- [Instructions to follow]
Write out each line of the material exactly as given, and drop the images.

- [Collected data]

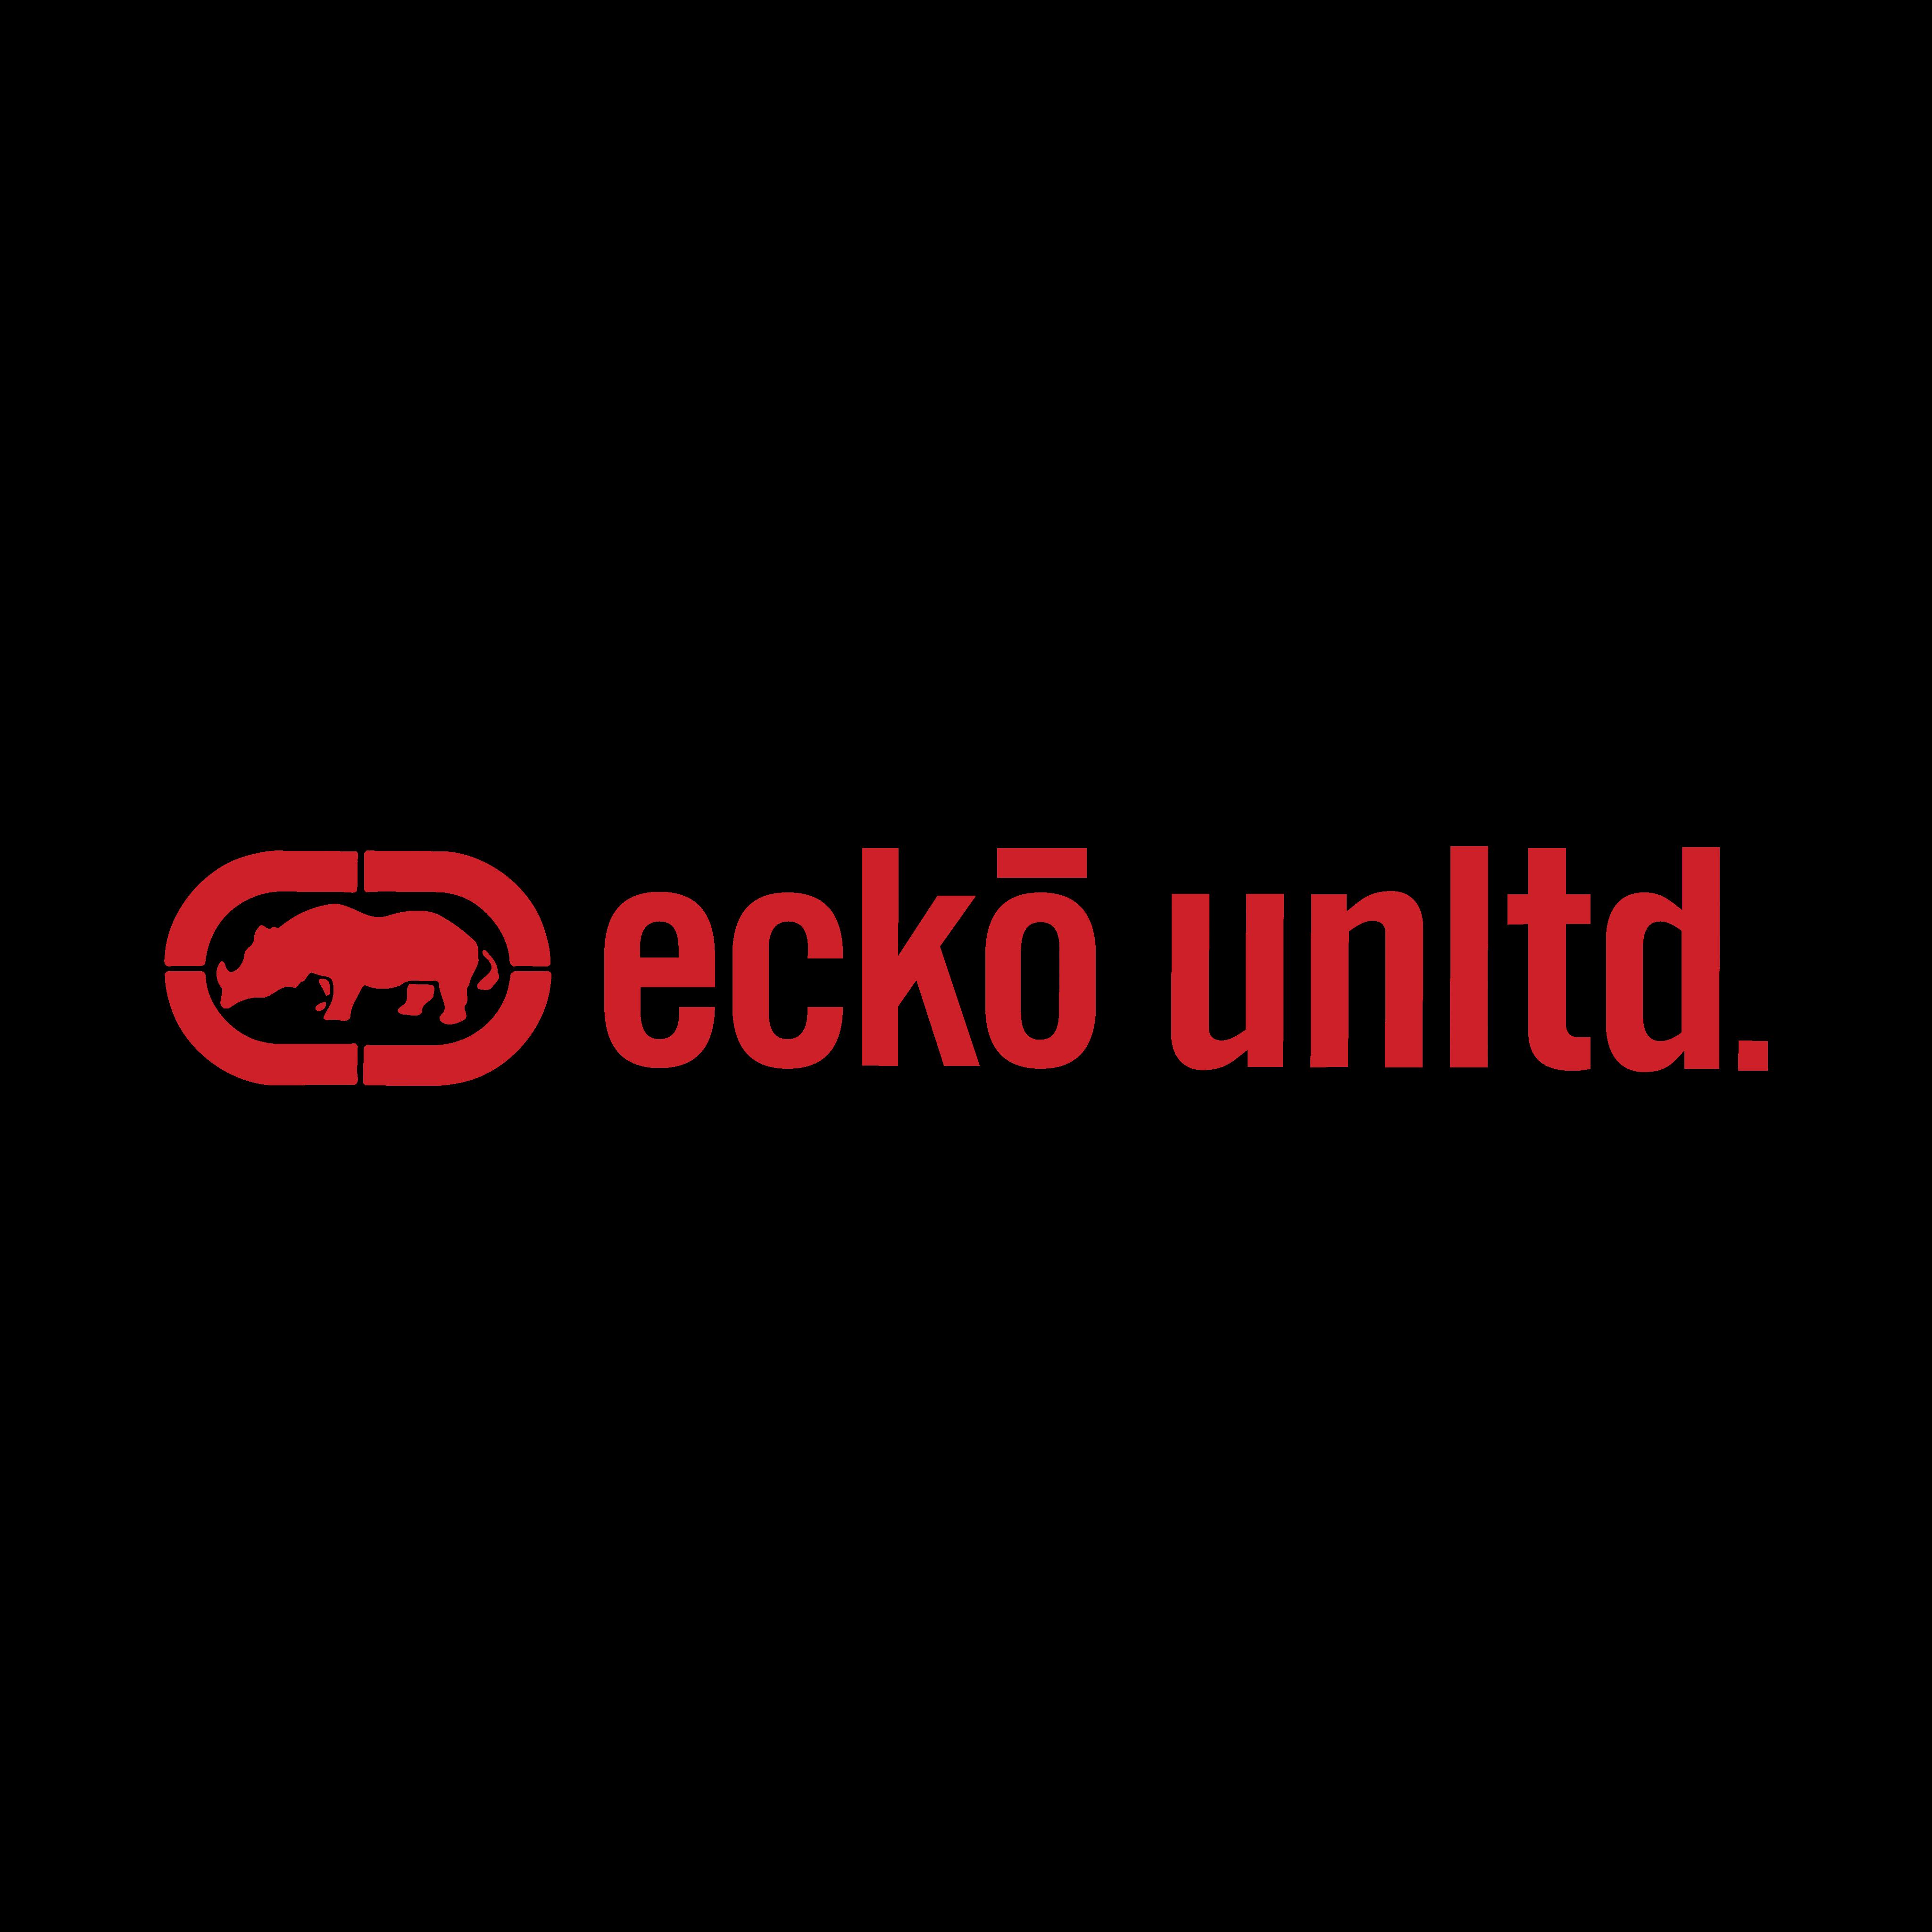 ecko unltd logo 0 - ecko Logo - ecko unltd Logo
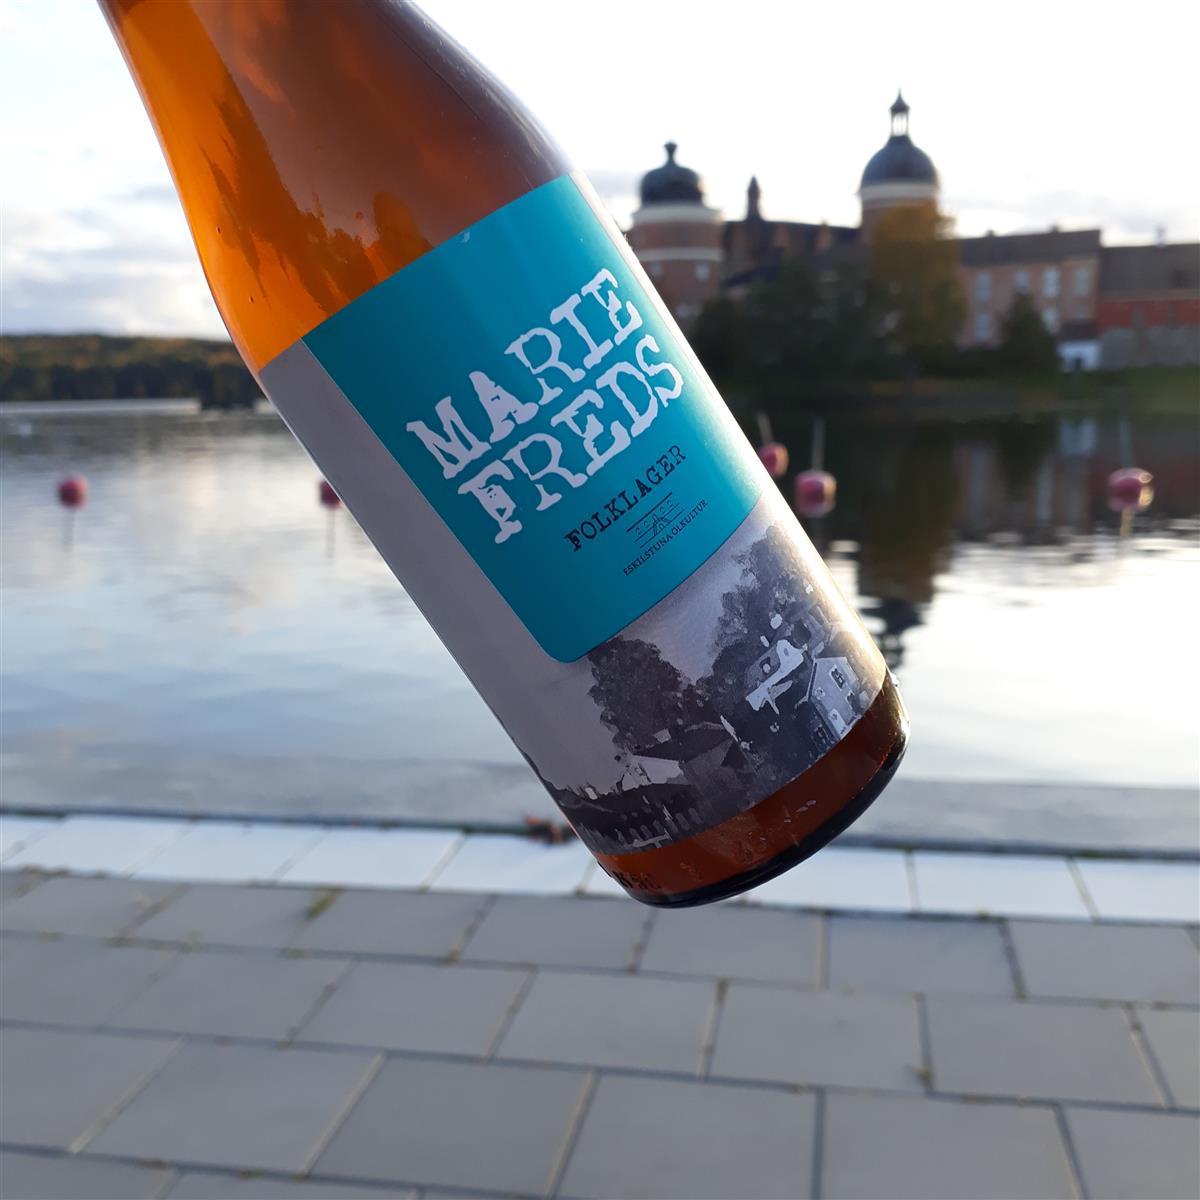 Mariefreds Folklager (Eskilstuna Ölkultur) 3,5%
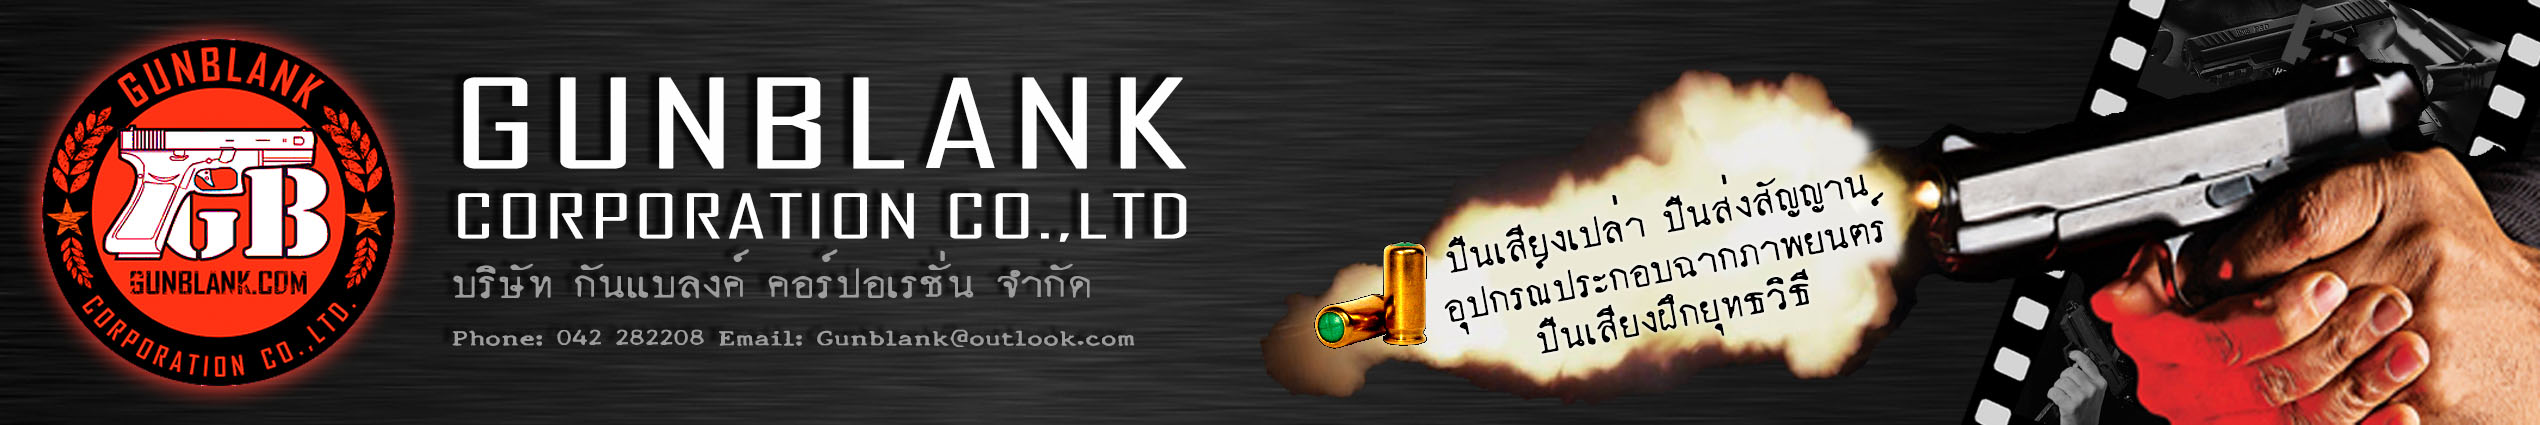 Gunblank Corporation
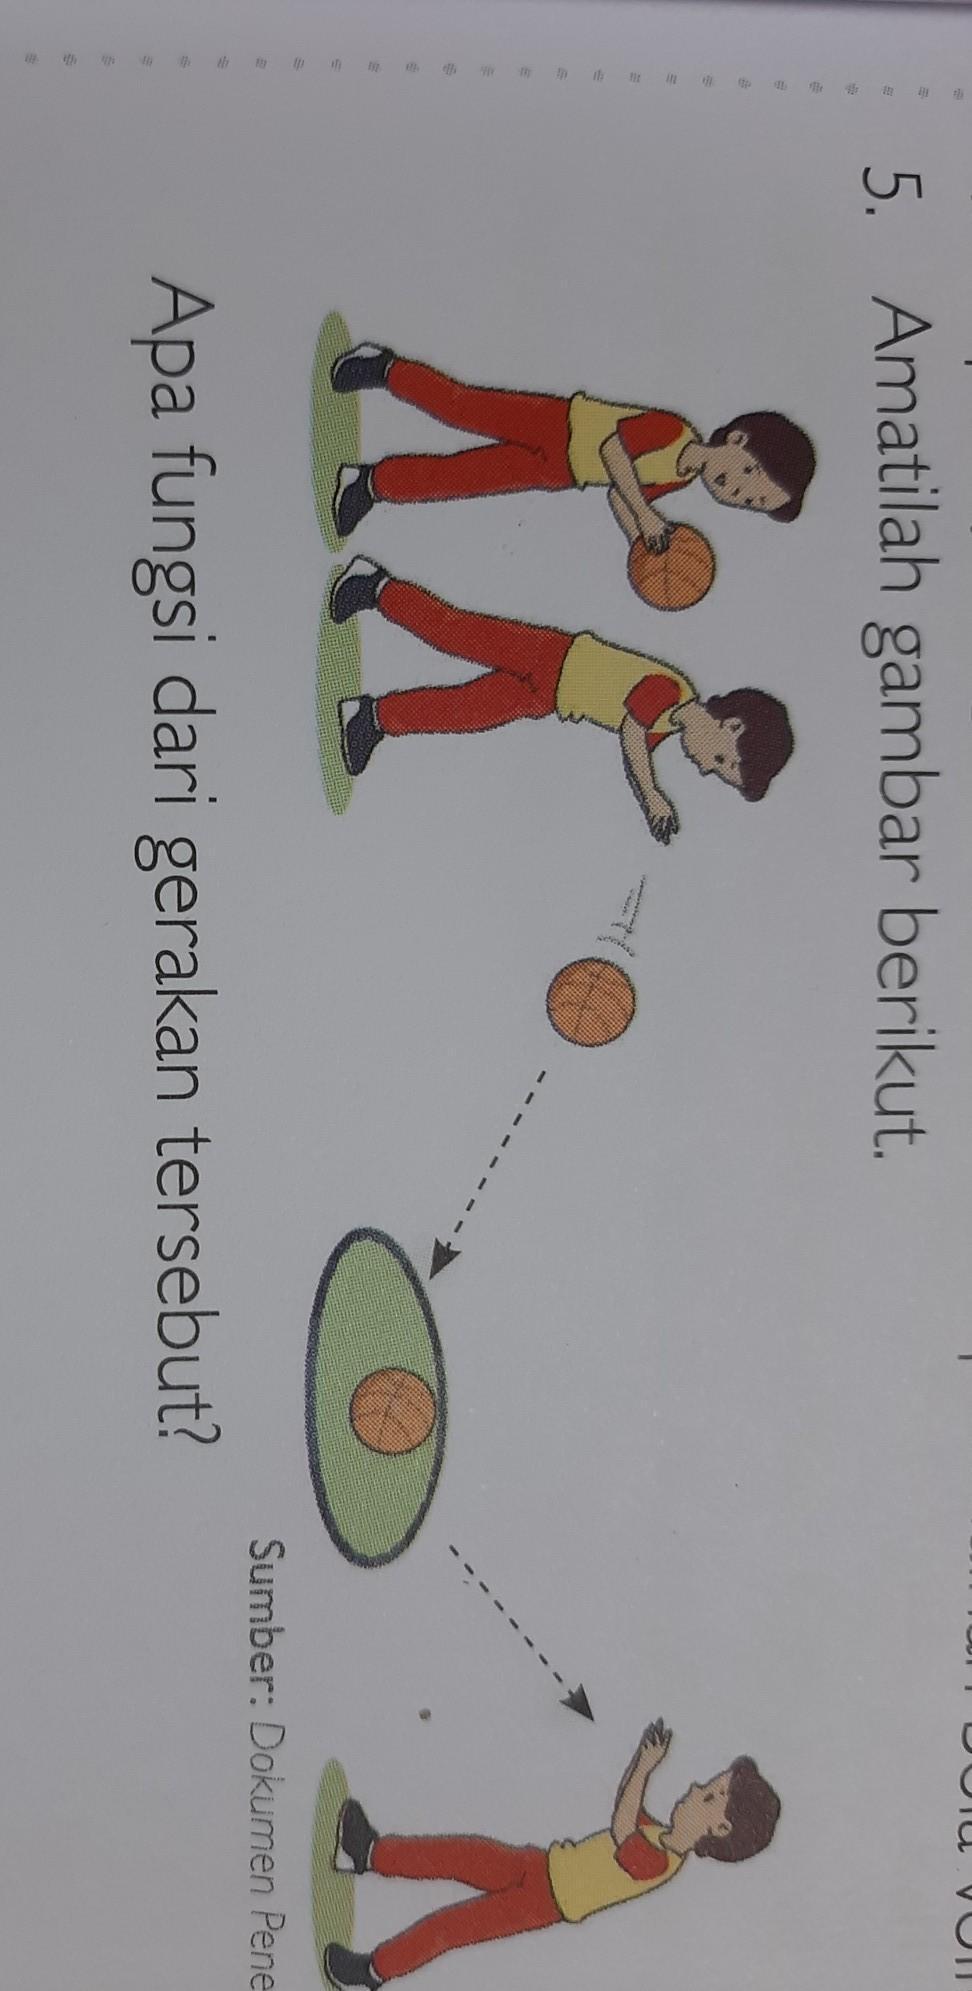 Sebutkan Tujuan Dari Permainan Sepak Bola : sebutkan, tujuan, permainan, sepak, Jelaskan, Tujuan, Menggiring, Dalam, Permainan, Sepak, Bola.2., Tuliskan, Langkah, Brainly.co.id

- [Task result]
 ecko unltd logo 0 - ecko Logo - ecko unltd Logo
 Mariefreds Folklager (Eskilstuna Ölkultur) 3,5%
 Gunblank Corporation
 Sebutkan Tujuan Dari Permainan Sepak Bola : sebutkan, tujuan, permainan, sepak, Jelaskan, Tujuan, Menggiring, Dalam, Permainan, Sepak, Bola.2., Tuliskan, Langkah, Brainly.co.id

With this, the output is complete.